§ STORED DATA
·····
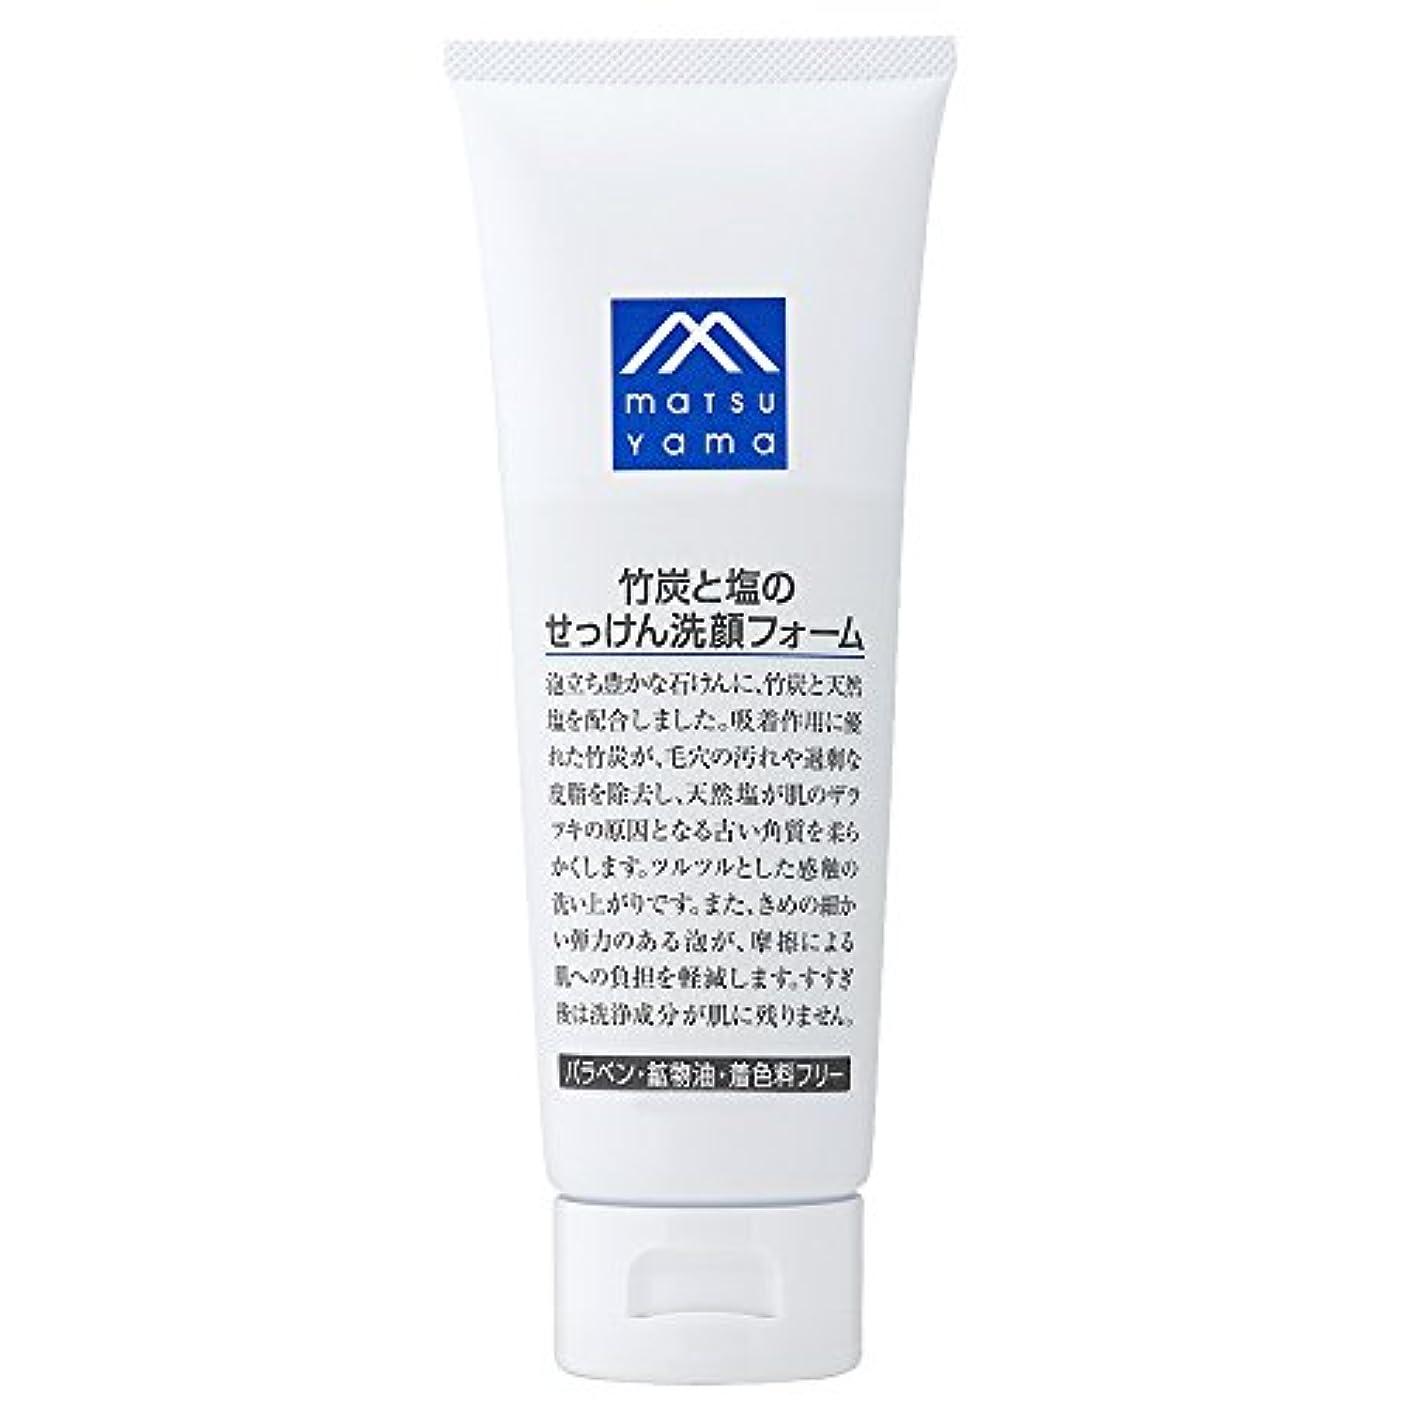 怠けた高度な定義するM-mark 竹炭と塩のせっけん洗顔フォーム
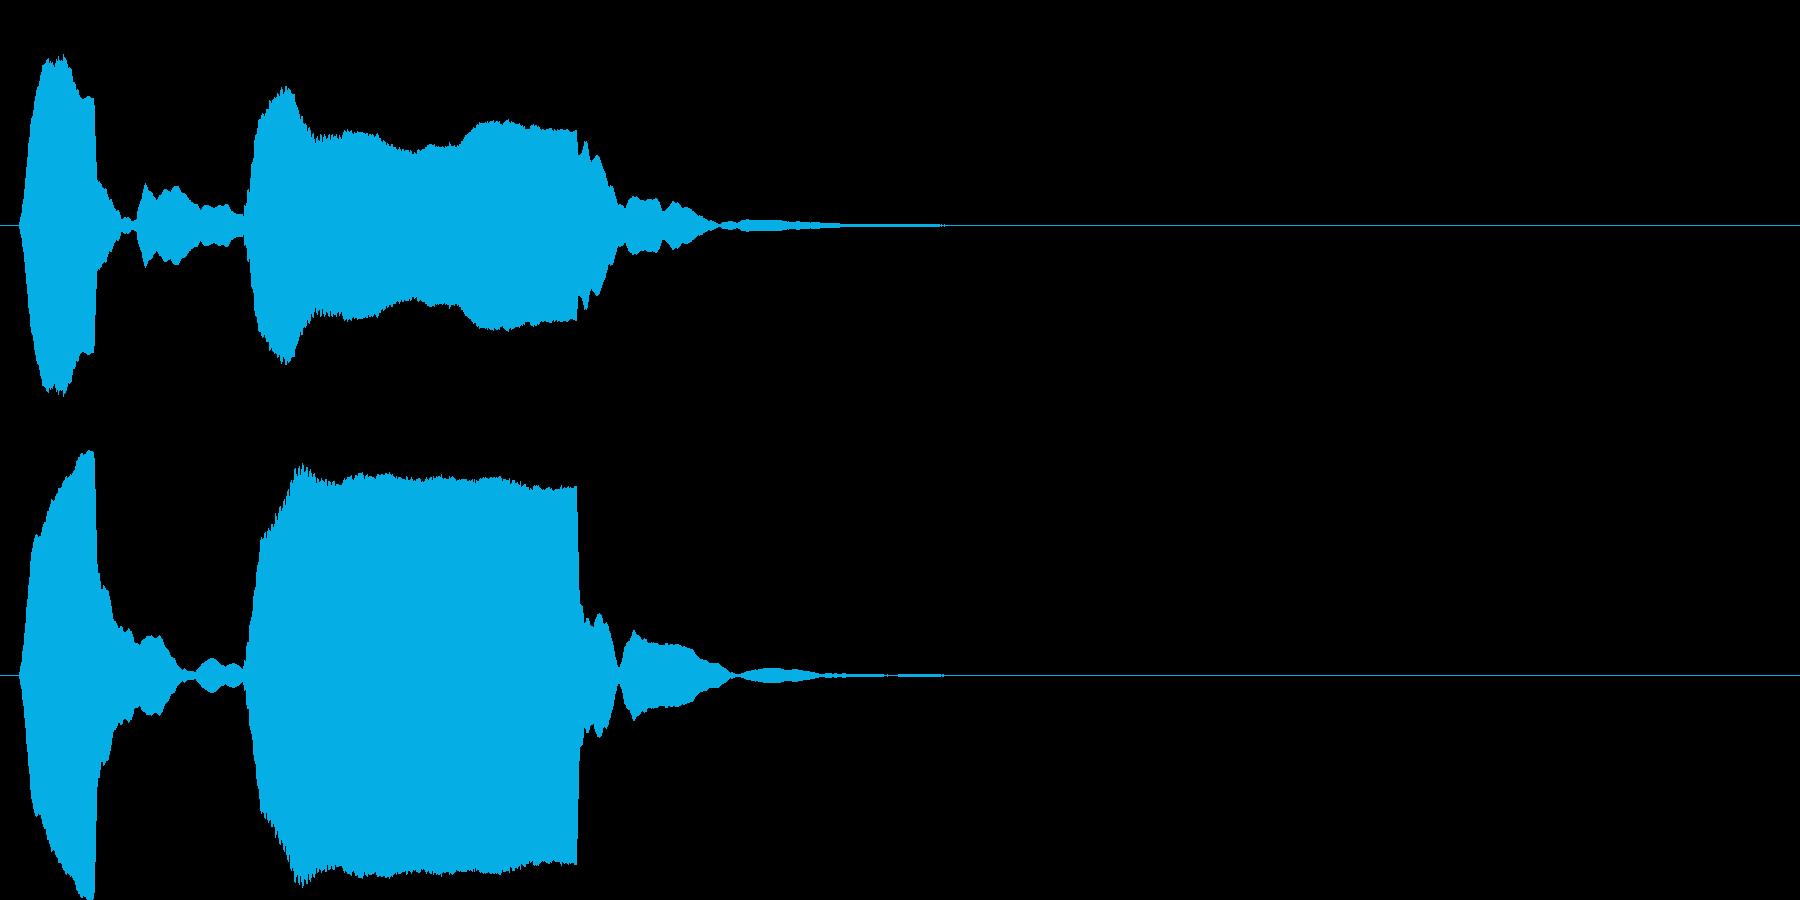 ピンポン系5 ポッポー(高)の再生済みの波形
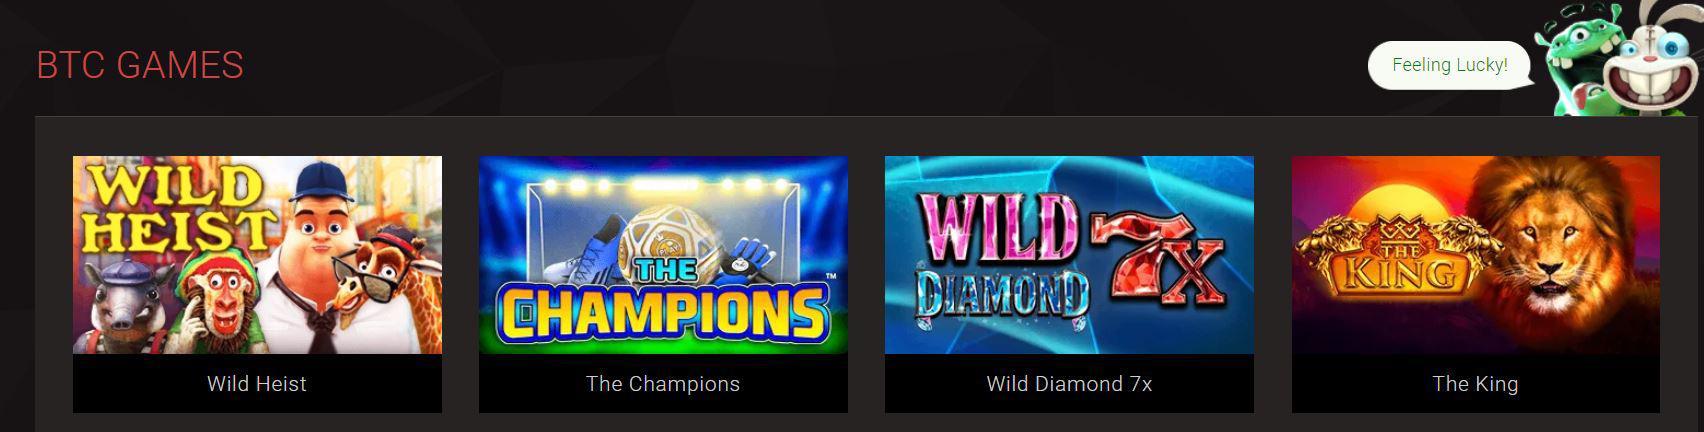 BTC Games
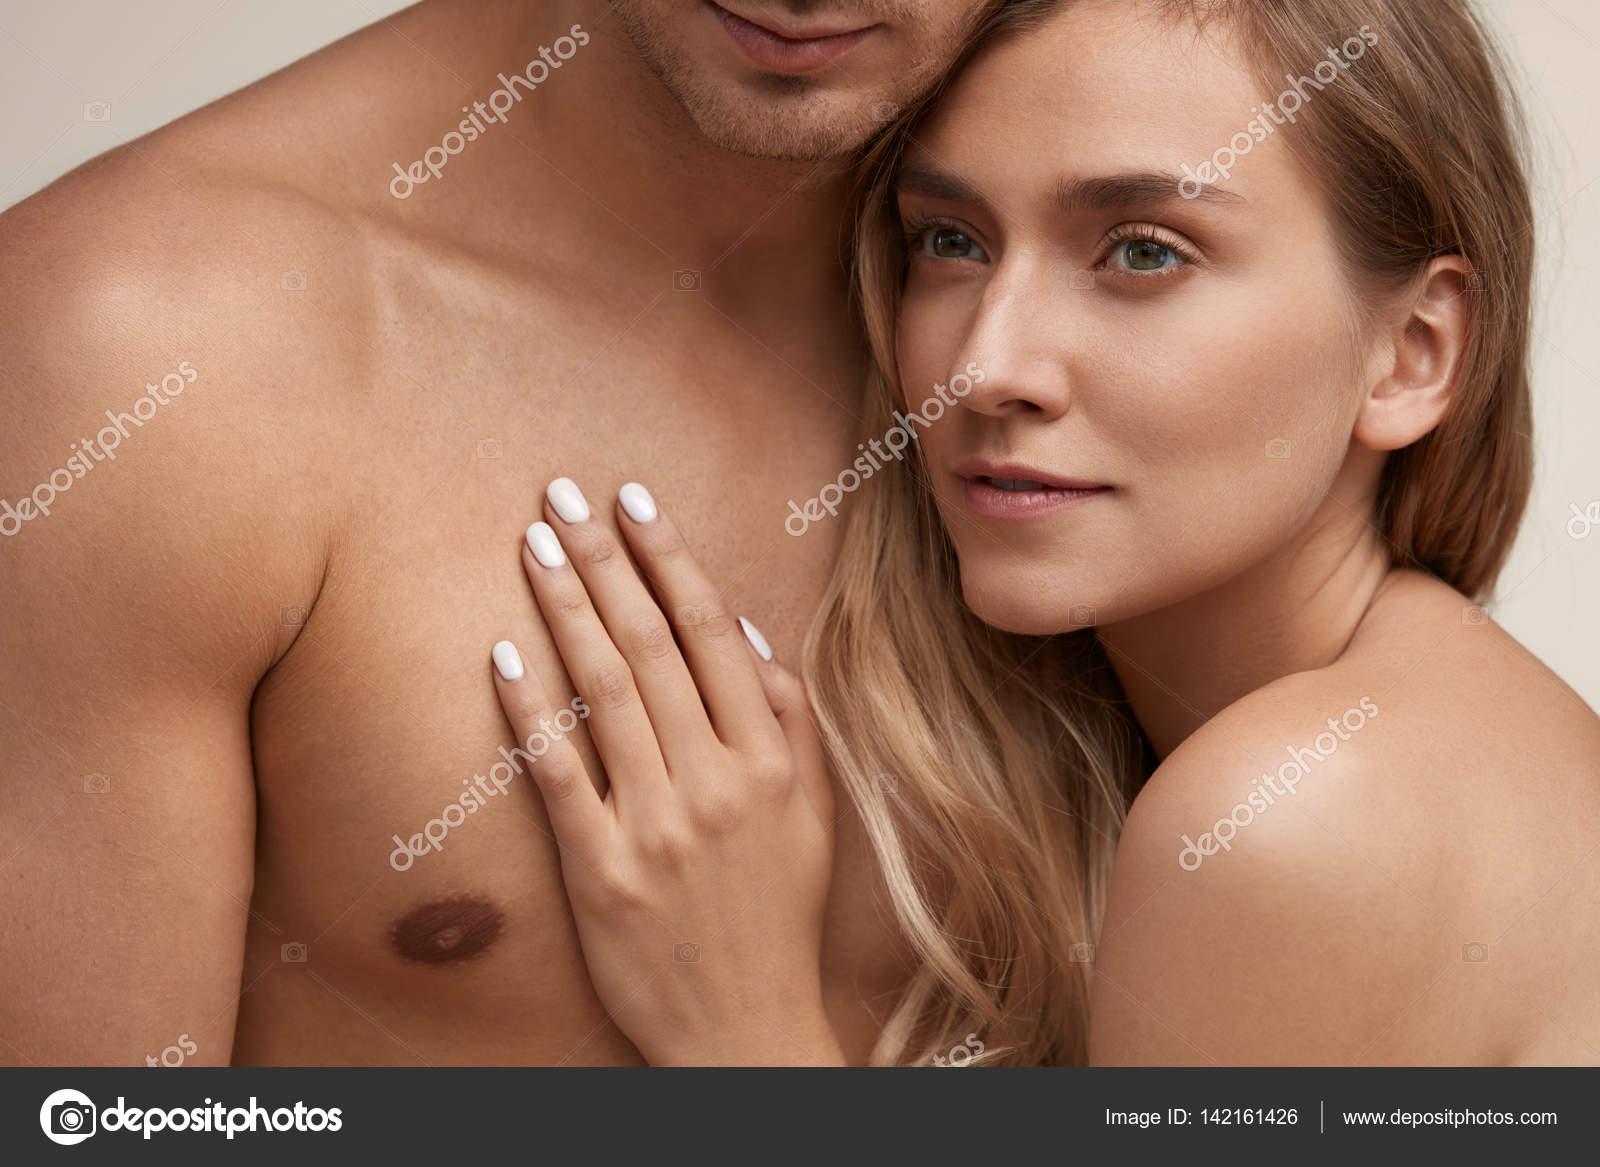 Cuerpo con curvas piel suave-5632
·····
§ DESCRIPTION OF THE TASK
Output, exactly and without pictures, the span of lines that starts at the line containing "ピンポン系5 ポッポー(高)の再生済みの波形" and ends at the last line above.

§ THE ANSWER
 ピンポン系5 ポッポー(高)の再生済みの波形
 BTC Games
 Cuerpo con curvas piel suave-5632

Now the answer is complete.